Gast-Bray grew up in Cincinnati in the 1960s and ’70s, and he laughs now about his childhood impressions of West Virginia. “It was an era when mines were closing, so a lot of people came downriver to find opportunities. They didn’t always meld well in Cincinnati and, in fact, there were a lot of fights at my school. So I grew up thinking, What’s with this West Virginia? Are they kind of violent people?” But later, working for an international firm in the mid-1990s, he was stationed in Bridgeport and lived in Philippi and loved it. “It was a great time for my family—we had a lot of fun there. I really fell in love with West Virginians, and it transformed my opinion of the state.”

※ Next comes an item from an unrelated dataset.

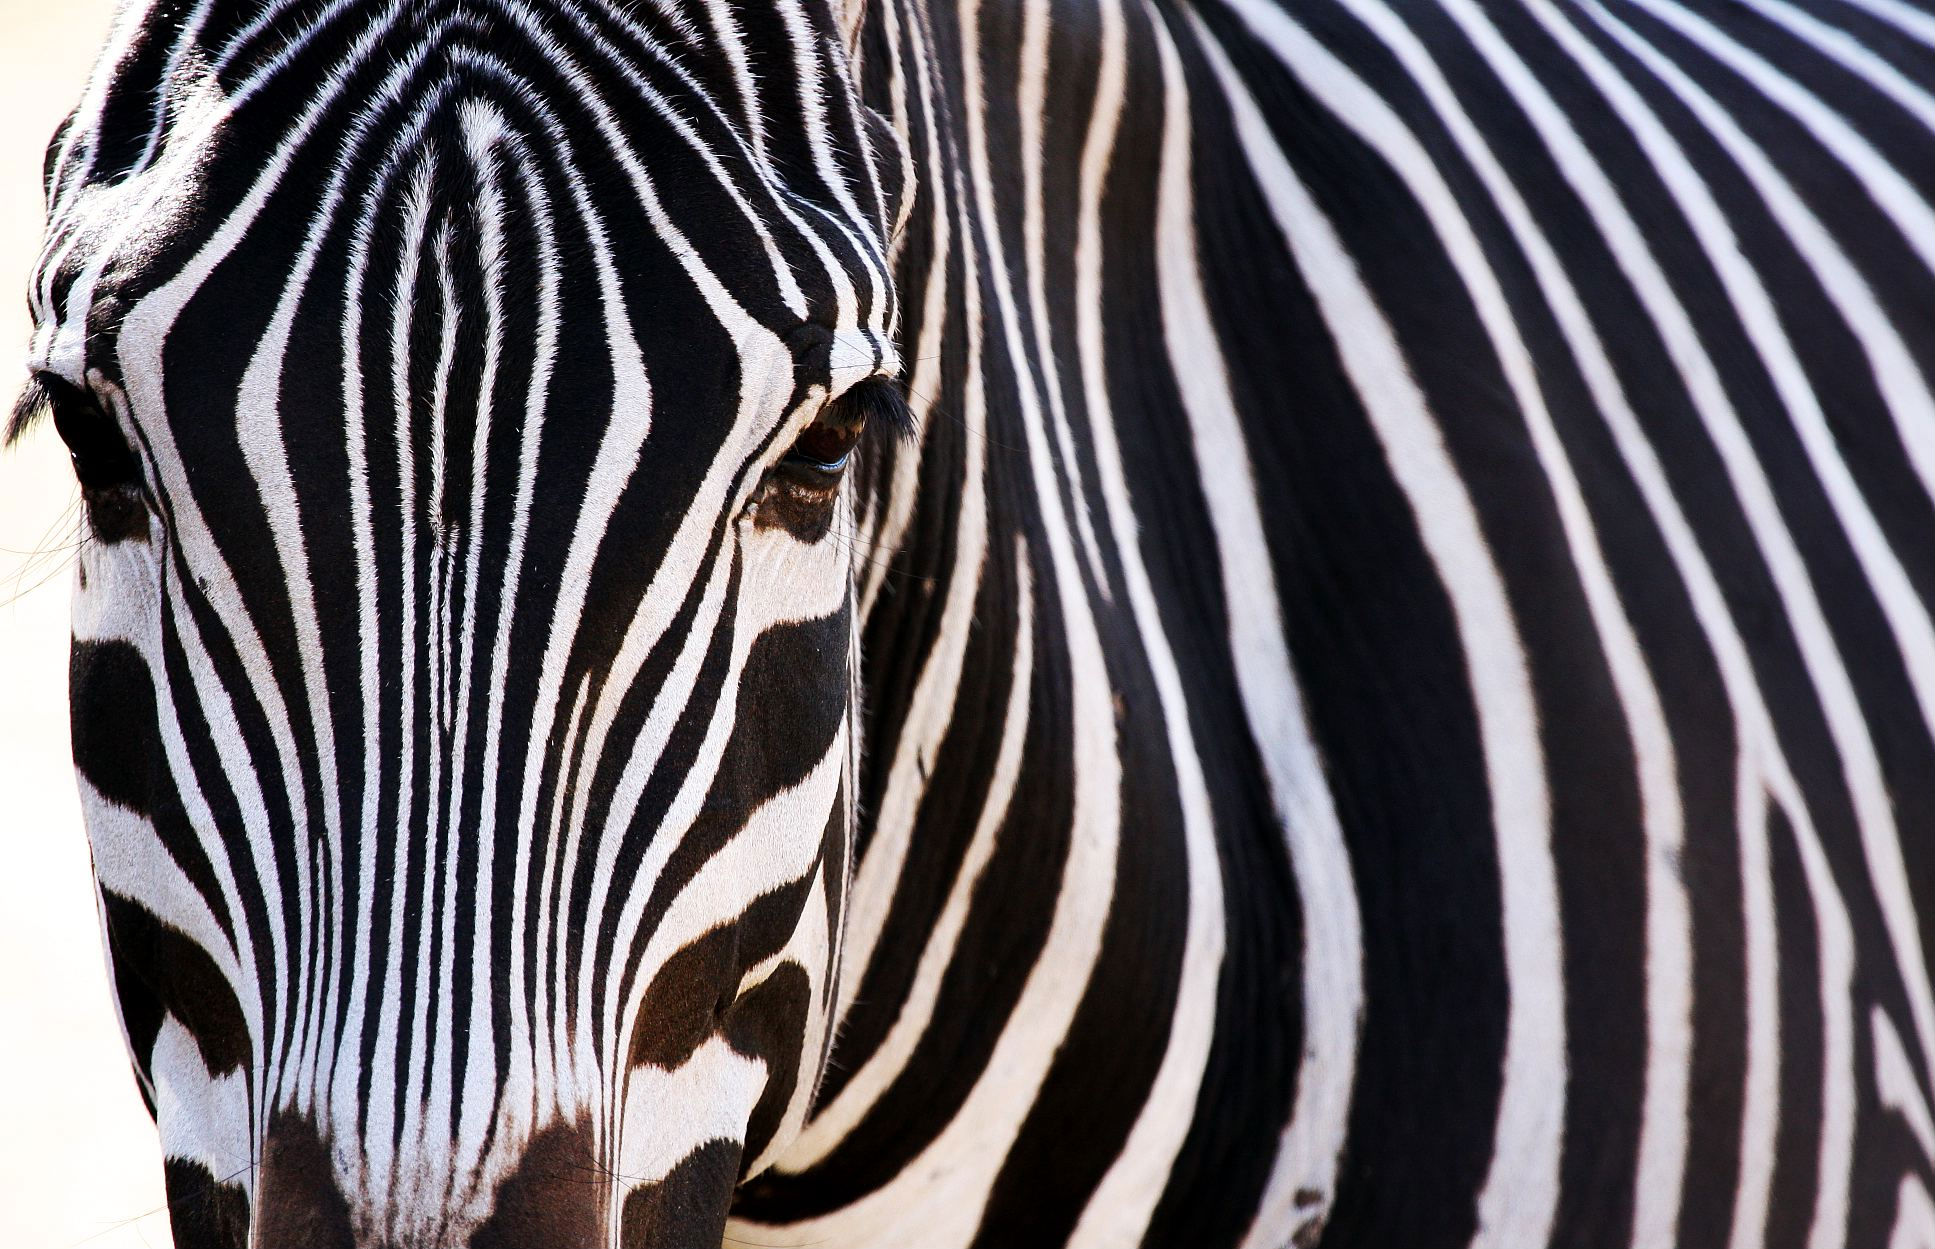 zebra 1080p
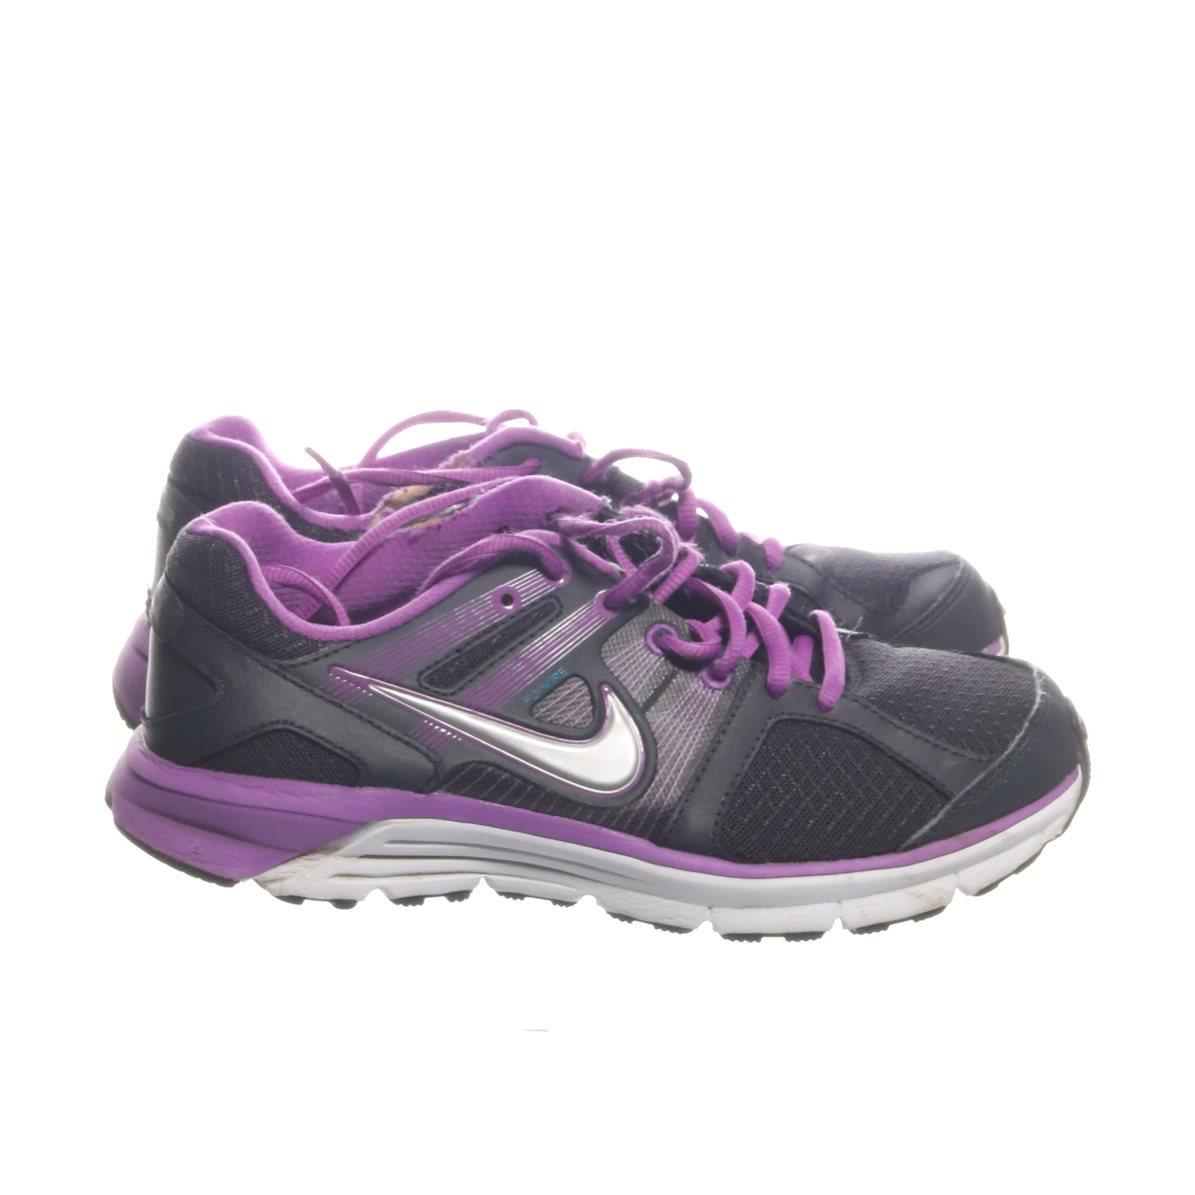 uk availability 729c9 0f32d Nike, Sneakers, Strl  38, ANODYNE DS, Svart Lila

As an engineer and then a planner, Gast-Bray has worked in the public, private, and nonprofit sectors and has also taught university classes, and he brings a respect for all of those interests to planning. “You can’t give any of it short shrift,” he says.
In previous planning positions, GastBray has seen working solutions to some of the issues we face in Monongalia County. In New Hampshire, where, like here, rugged terrain constrains transportation corridors, he was involved with a bus system that has been recognized as among the highestperforming rural transit systems in the nation. And in Virginia, he participated in a large project to revitalize the U.S. Route 29 corridor between Charlottesville, Virginia, and Washington, D.C.—finding productive new lives for old malls and adapting the highway to multimodal use.
“Retail is struggling, redefining itself,” Gast-Bray says as an example of the value of planning in a changing society. “It’s not dead, but sprawl bricks and mortar is dead.” In reaction to internet commerce, community development is moving beyond the model of the strip mall. “People want vital places,” he says. Shopping districts of the future won’t be big box stores strung along treeless corridors—they’ll be multiuse village centers where shoppers live close by or park once and stroll among shops and restaurants. By planning ahead for clustered rather than sprawling development, the county can map out future utility and transit lines and other infrastructure and stay current with the lifestyles companies will look for for their employees.
The Planning Commission’s current priority is to enact the regulation of subdivisions. Unregulated development can lead to problems like flooding basements and inadequate turnarounds for schoolbuses and emergency vehicles. Regulations will ensure that minimum standards are met for stormwater, roadway, and other infrastructure development, protecting the investments of future residents. Public meetings are scheduled through mid-October.
Once subdivision regulations are in place, Gast-Bray will soon turn his attention to the next 10-year comprehensive plan, due in 2023.
“Looking ahead requires a lot of heads,” he says, so he works closely with officials in Morgantown, Granville, Star City, and Westover and in county and university administration. “When you work together, that’s when the magic really happens. Things start to pop.”
Also on the theme of “a lot of heads,” the Planning Commission has a few vacant seats to fill. “You can do great things for your community without a big time commitment,” Gast-Bray says.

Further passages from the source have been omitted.